Coronavirus outbreak: Go, rot in Maharashtra, say Gujarat cops to migrant workers

Updated: Apr 01, 2020, 07:56 IST | Diwakar Sharma | Mumbai

Gujarat cops tell migrant workers who were on their way to Rajasthan after being denied entry to their native place in Western Maharashtra

The family has taken shelter at Bappa Thakkar school in Palghar. Pics/Suresh Karkera
The family has taken shelter at Bappa Thakkar school in Palghar. Pics/Suresh Karkera

Maharashtra has the highest number of Coronavirus cases, you all go there... we won't let you enter Gujarat," Gujarat police deployed at the border with Maharashtra allegedly told migrant labourers pleading to enter the state so that they can return to Rajasthan.

A family of around 40, including infants, which has a business in Udaipur, reached Panvel on March 29 by road to return to their native places in Sangli, Satara and Karad districts of Maharashtra. However, Panvel police prevented them from going further. The family then decided to drive back to Udaipur on Monday, but were stopped again; this time by the Gujarat police.

The family members alleged that Gujarat police said, "Maharashtra se aaye ho, aagey nahi jaane denge. Maharashtra mein hi sado (You have come from Maharashtra, won't let you travel ahead. Go, rot in Maharashtra),".

The family has taken shelter at Bappa Thakkar school in Palghar. Pics/Suresh Karkera

Maharashtra police officers at the border came to their rescue. "Officers suggested that we come to Bappa Thakkar school, Palghar. We have parked our vehicles and taken shelter on the school campus. Doctors have conducted health check-up too," said Bhimrao Bhosale, 62.

Bhosale said that earlier this month, their relatives had come to Udaipur to visit them, but got stuck following the lockdown. With businesses shut and a large family to feed, they obtained a written permission from the Udaipur Additional District Magistrate and left for their villages on March 28. Another member, Amrita Gurav, said, "Maharashtra cops did not stop us, but their counterparts in Gujarat did not let us travel."

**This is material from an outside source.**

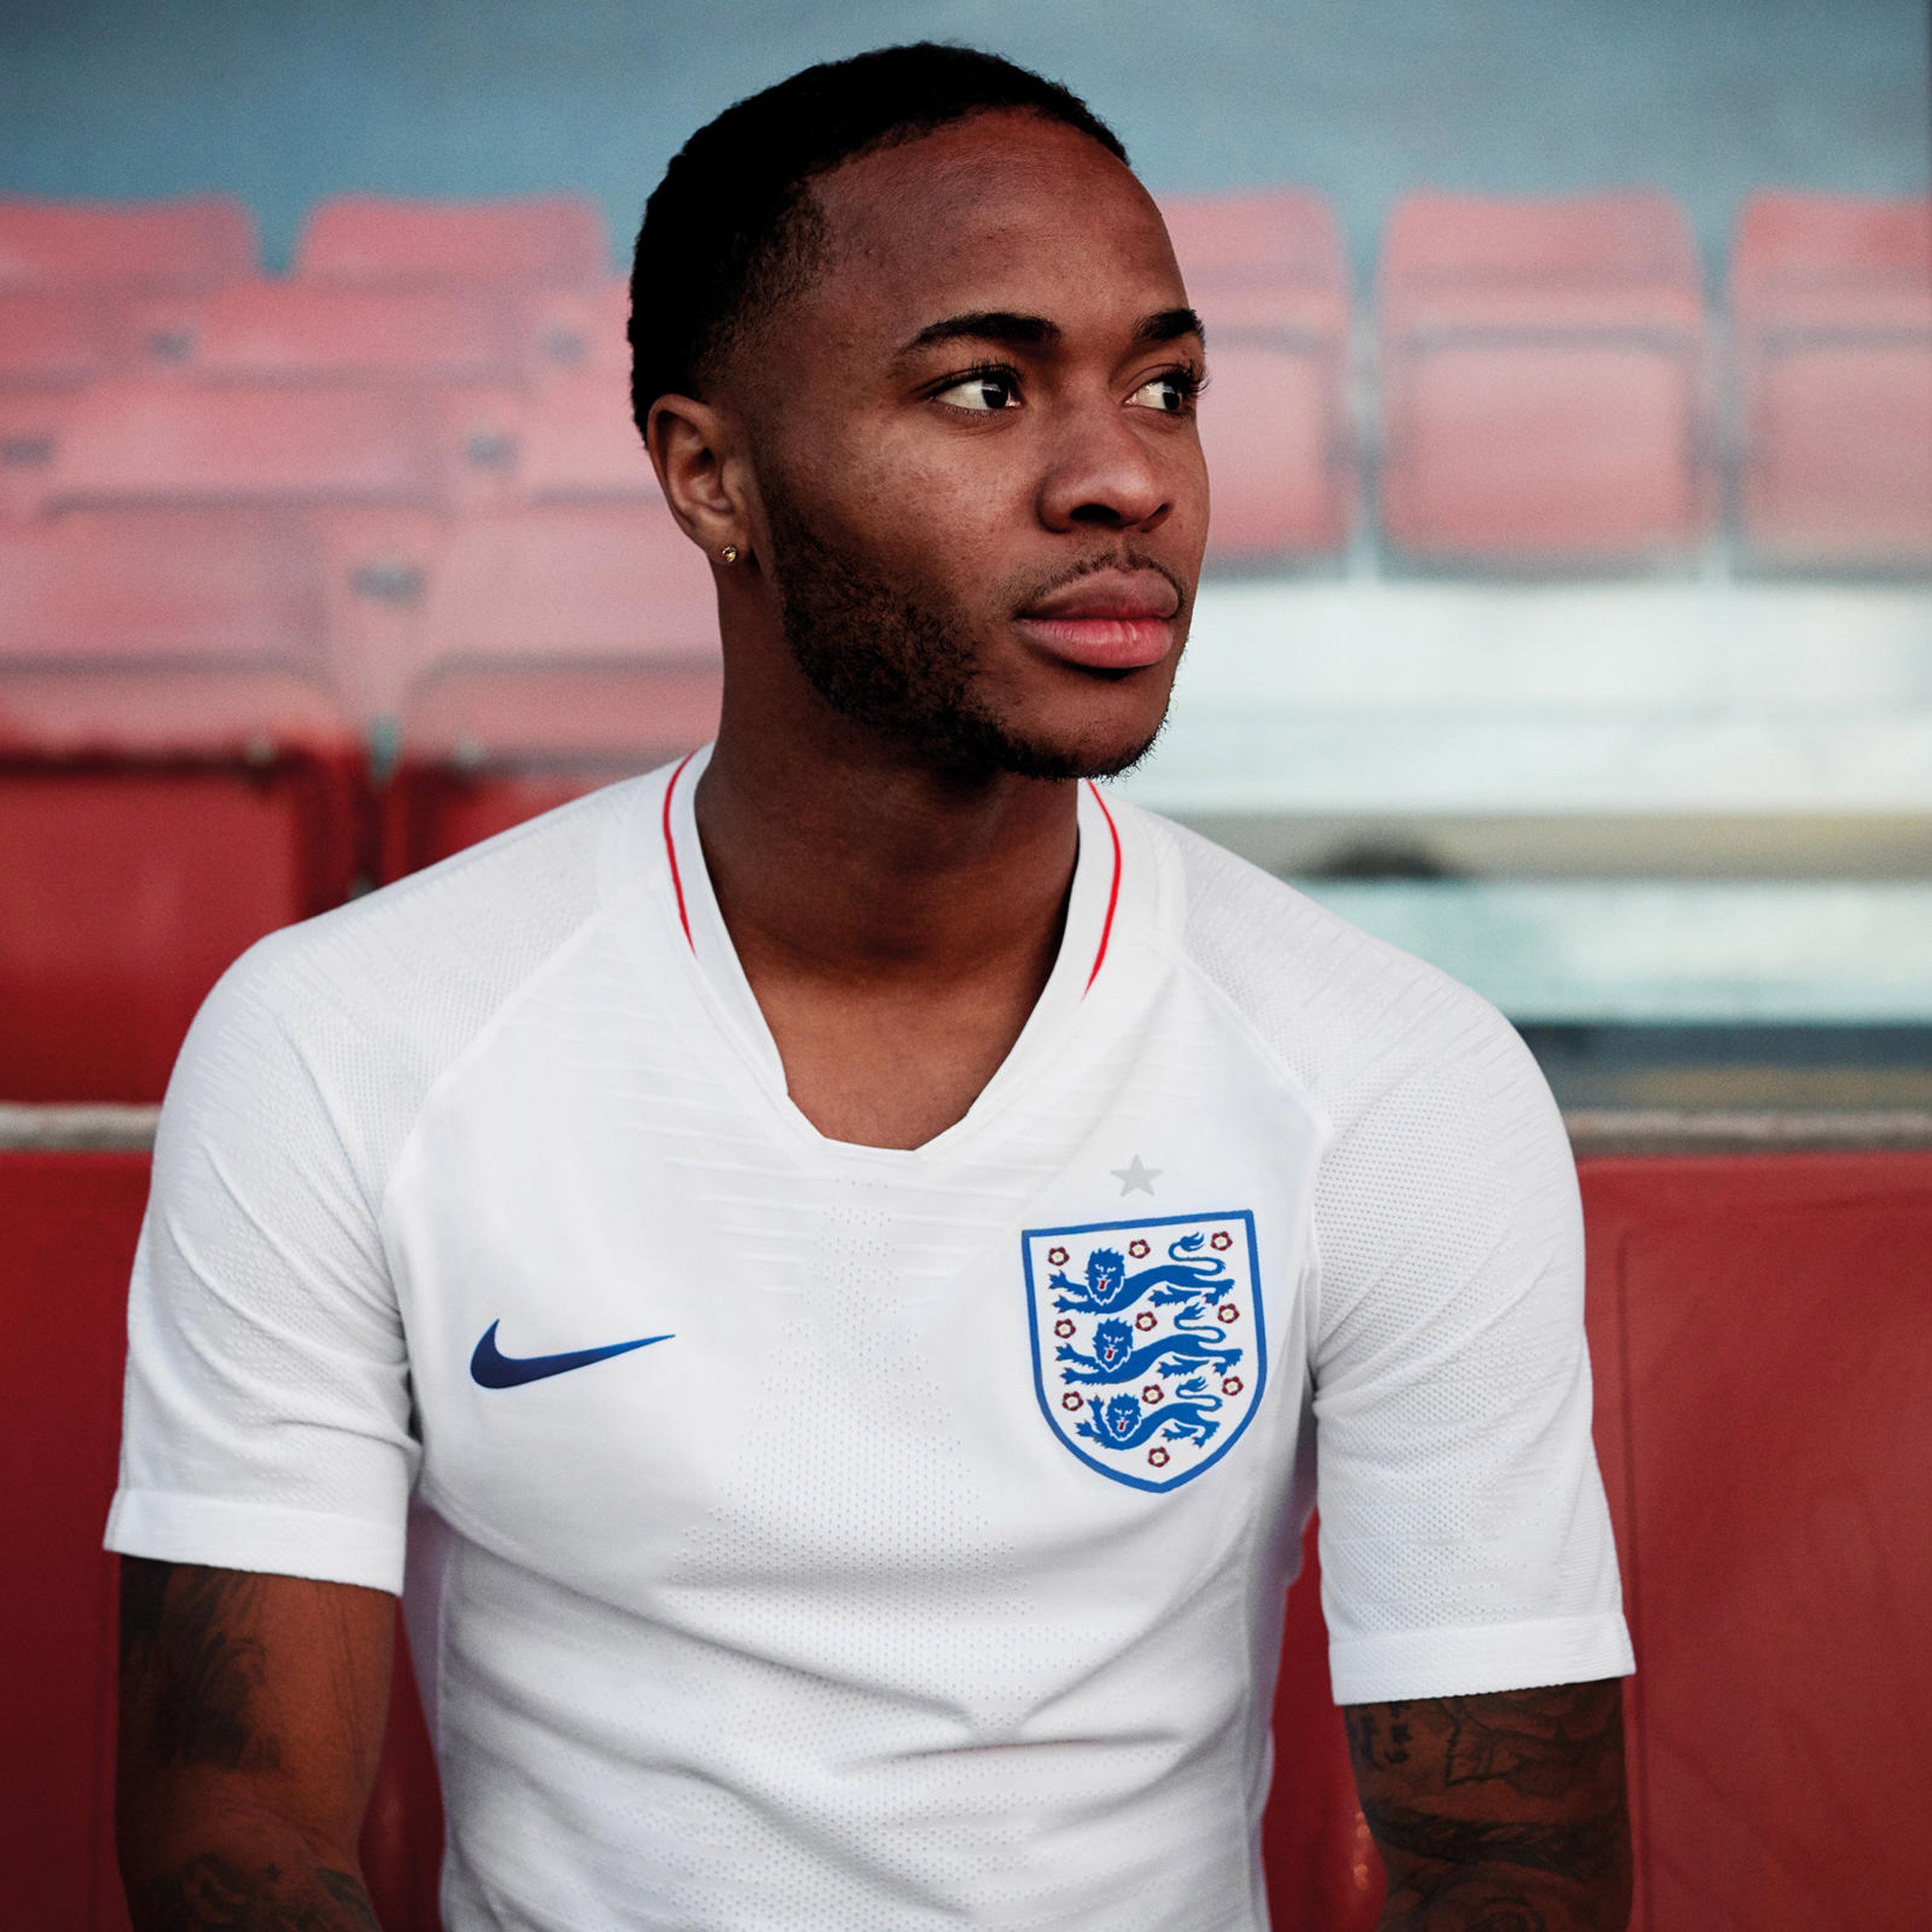 Great Barrier Reef in stand houden schoner Nike unveils World Cup 2018 kits for England and Nigeria

mid-day saw hundreds of people, including the 40-member family, sleeping under the shade of trees at the school. "Here the chances of getting Coronavirus are high because so many are living together. Had the police allowed us to go to our native places or back to Udaipur, we would have been safe," said Pramod Gurav.

Youths distribute food to travelling workers

A group of youth from Sutarpada village in Talasari taluka have been cooking food and distributing it among the migrant workers, who are walking to their natives villages in states like Rajasthan, Bihar and Madhya Pradesh. These good Samaritans regularly carry home-cooked food and water containers in a tempo to the Mumbai-Ahmedabad highway to feed the hungry and tired migrants.

Youth distribute food among the migrant workers on Mumbai-Ahmedabad highway. Pic/Suresh Karkera
Youth distribute food among the migrant workers on Mumbai-Ahmedabad highway. Pic/Suresh Karkera

"We started this a couple of days back. We have also been providing biscuits and milk to people with toddlers. Every day we distribute at least 70 litres of milk. This is the least we can do to help," said Maqsood Shaikh.

"I feel sad when the migrant workers plead to help them cross the border as the Gujarat police is using full force to prevent them," said another youth, Rizwan Shaikh. A mid-day team managed to enter Gujarat and found two pitchers of water and a few glasses on the roadside. Hond village deputy sarpanch Navin Bhai Ambala said, "There is a river nearby and a couple of days back, I saw some migrants drinking river water that is not potable. That's why we have kept this here."